Reputation: 11
I have a program where I want to store kmers (substrings of size k) and the number of times they appear. For this particular application, I'm reading in a file with these values and if the number of times they appear is > 255, it is ok to round down to 255. I thought that if I store the key-value pairs as (string, unsigned char) that might save space compared to storing the key-value pairs as (string, int), but this did not seem to be the case when I checked the max resident size by running /usr/bin/time.
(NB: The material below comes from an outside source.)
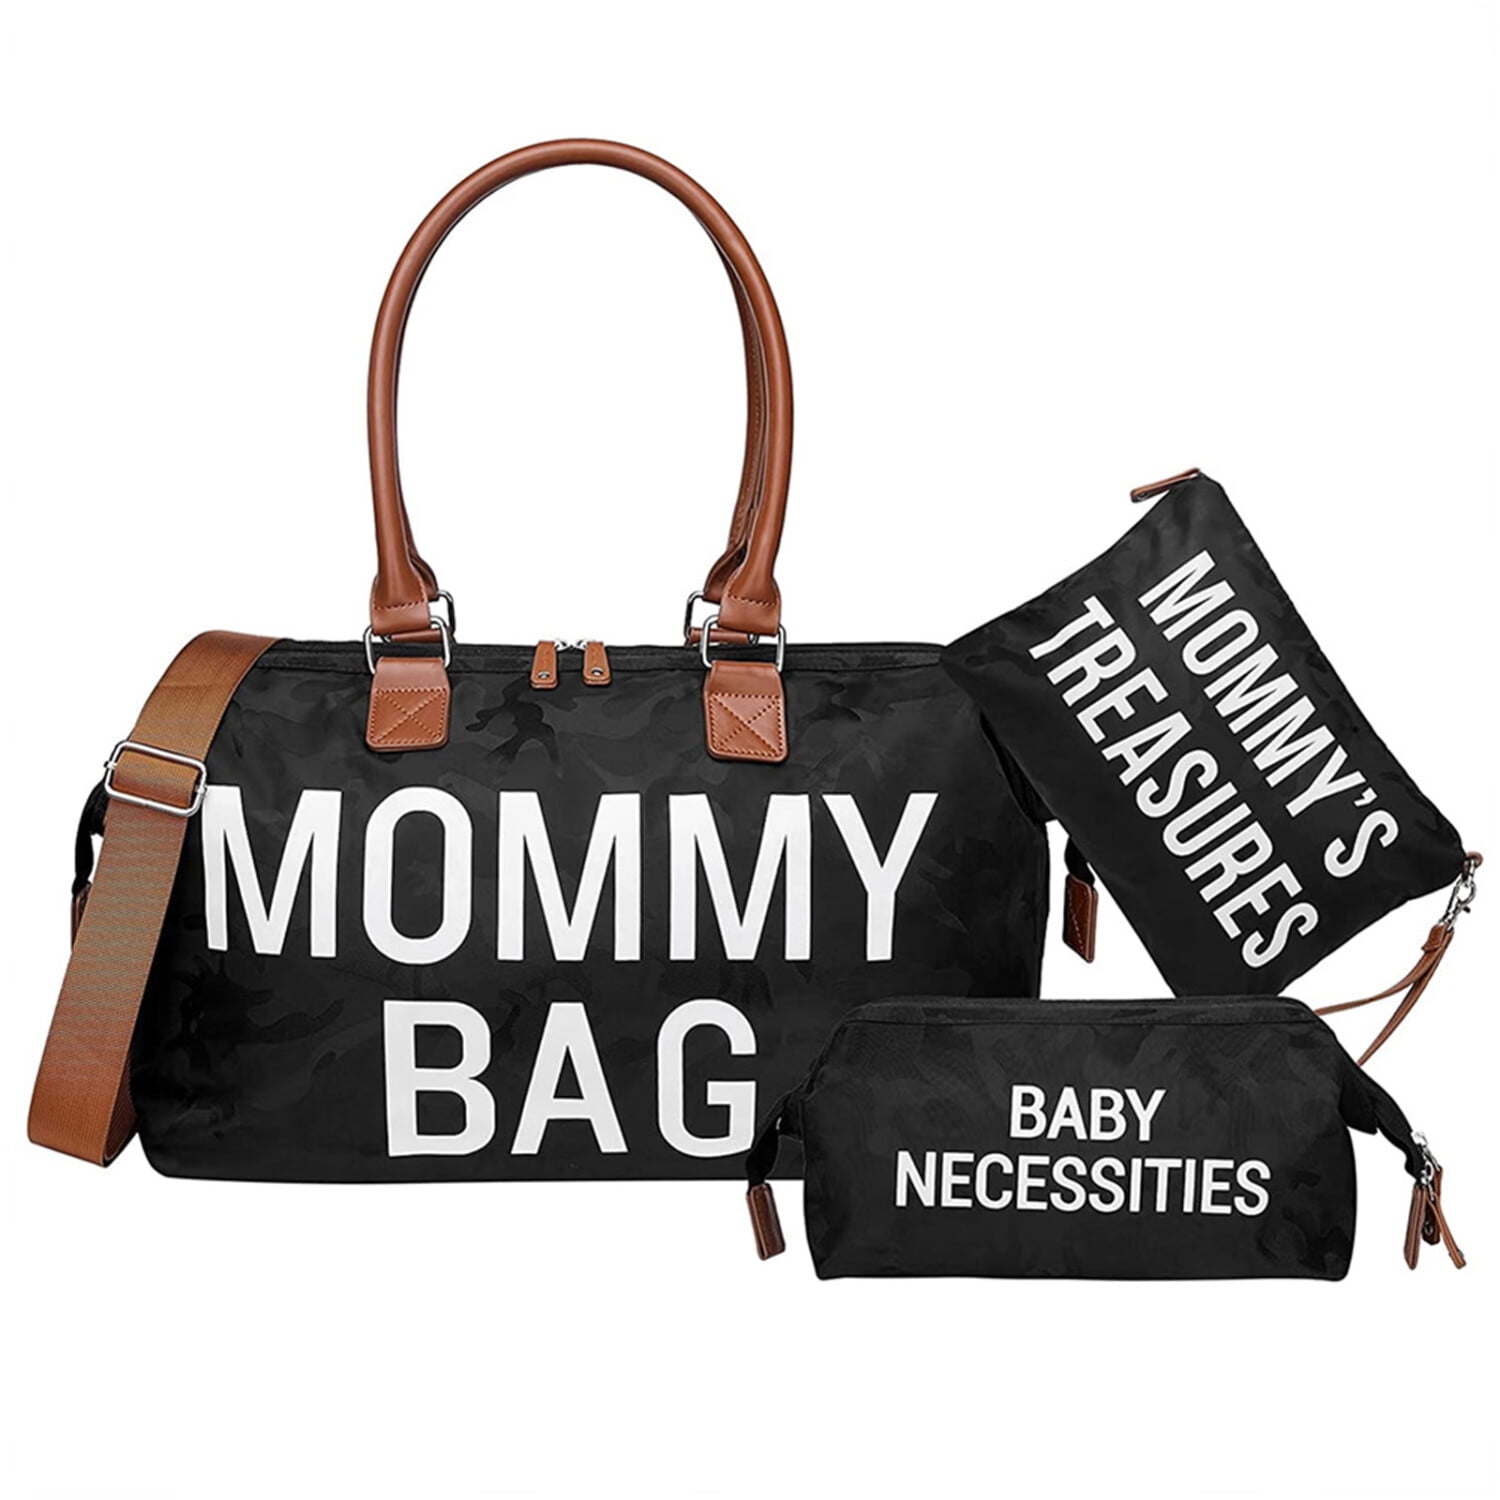 Mommy Bag for Hospital Multifunctional Large Diaper Handbag Tote

To confirm, I also tried running the following test program where I alternated the type of the value in the unordered_map:
#include <iostream>
#include <unordered_map>
#include <utility>
#include <string>
#include <fstream>
int main() {
std::unordered_map<std::string, unsigned char> kmap;
std::ifstream infile("kmers_from_reads");
std::string kmer;
int abun;
while(infile >> kmer >> abun) {
unsigned char abundance = (abun > 255) ? 255 : abun;
kmap[kmer] = abundance;
}
std::cout << sizeof(*kmap.begin(0)) << std::endl;
}
This did not seem to impact the size of the nodes in the bucket (on my machine it returned 40 for both unsigned char and int values).
I was wondering how the size of the nodes in each bucket is determined.
My understanding of unordered maps is that the c++ standard more or less requires separate chaining and each node in a bucket must have at least one pointer so that the elements are iterable and can be erased (http://bannalia.blogspot.com/2013/10/implementation-of-c-unordered.html). However, I don't understand how the amount of space to store a value is determined, and it seems like it must also be flexible to accommodate larger values. I also tried looking at the gcc libstc++ unordered_map header (https://github.com/gcc-mirror/gcc/blob/master/libstdc%2B%2B-v3/include/bits/unordered_map.h) but had a hard time understanding what was going on.
Upvotes: 0
Views: 458
Reputation: 182827
Compile and execute this code:
#include <iostream>
#include <unordered_map>
#include <utility>
#include <string>
#include <fstream>
class foo
{
std::string kmer;
unsigned char abun;
};
class bar
{
std::string kmer;
int abun;
};
int main() {
std::cout << sizeof(foo) << " " << sizeof(bar) << std::endl;
}
I get, and you probably will too, 40 40
. This is because of alignment requirements. If, for example, std::string
contains at least one pointer (which it almost certainly does), it has to be aligned on at least a 4-byte boundary.
Imagine if sizeof(foo)
was 39 and you had code that did foo foos[2]
. If the pointer in foos[0].kmer
was properly aligned, the pointer in foos[1].kmer
wouldn't be. That would be a disaster.
Upvotes: 1